Vos articles - Réflexions sur l'école

 

La thèse enseignante est que certains ne travaillent pas, ou pas assez, mais ce n’est pas si simple ! Il nous faut examiner d’une part les caractéristiques de l’élève lui-même et d’autre part celles de l’institution, et aussi la correspondance entre les deux. Les Sciences de l’Education se proposent de mieux comprendre cette inadéquation, que les enseignants ne peuvent appréhender.

La thèse, ici, est que la pensée scripturale est une caractéristique de l’institution scolaire et qu’elle peut mettre certains élèves en difficulté.

Qu’est-ce que cette pensée ?

Quels sont ses effets sur les élèves, quelles difficultés génère-t-elle ?

 

  • LA PENSEE SCRIPTURALE ANALYSEE A PARTIR DE DONNEES ethnologiques.

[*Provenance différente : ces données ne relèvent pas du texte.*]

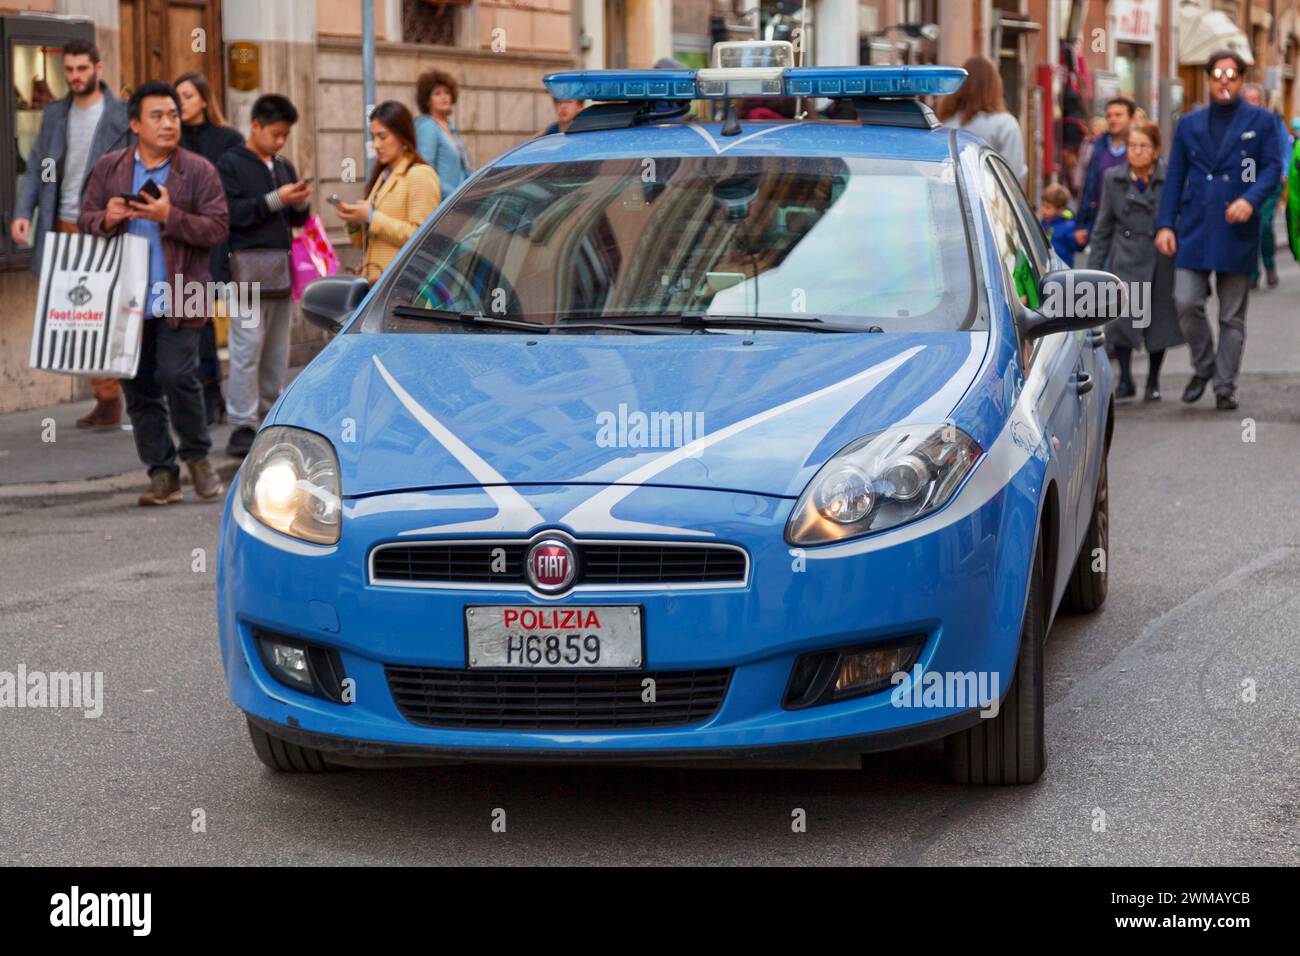 Rome, Italie - Mars 17 2018 : une voiture de police de la Squadra volante de la 'Polizia', garée dans une rue de Rome. Banque D'Images

L’Ecole a le monopole de faire entrer les enfants dans le lire et l’écrire, mais ce faisant, elle véhicule une forme de pensée assez spéciale, qui nous paraît aller de soi. C’est une façon de voir le monde, le langage, sa propre existence et les rapports avec autrui. Pour en percevoir la spécificité, il faut se tourner vers les sociétés sans écriture : dans l’histoire de l’humanité, durant des milliers d’années, des sociétés se sont passé de l’écriture, et encore aujourd’hui existe l’illettrisme. Des ethnologues font des comparaisons entre ces deux types de sociétés :

- Jack GOODY (Grande-Bretagne), par exemple, y a consacré toute son œuvre, mais du point de vue de la préhistoire. Il note que chez les Sumériens, l’écriture est d’abord marquage, puis listes, et non la transcription de la pensée. En examinant de très près ces listes (objets appartenant à Untel ou Untel, listes des herbes ayant telle ou telle vertu, arbres pouvant servir à tel ou tel usage), il voit que celles-ci, dès lors qu’elles sont écrites, modifient la pensée et entraînent des catégorisations beaucoup plus stables : ensembles d’objets bien fixés. L’écriture consacre la conceptualisation .

- On peut aussi faire des listes d’actions par écrit, ce qui donne une « histoire »  aux collectivités humaines. Des listes d’actions futures permettent la planification des activités humaines : on peut anticiper sur la durée, c’est le projet à long terme, et la collectivisation de ces projets, avec une mémoire de ce qui aura été décidé.

Donc, l’écriture permet aux hommes d’organiser leur existence de façon beaucoup plus rationnelle, en ne se contentant plus de réagir aux événements, mais en agissant avec prévision, intention et possibilité de se référer au projet.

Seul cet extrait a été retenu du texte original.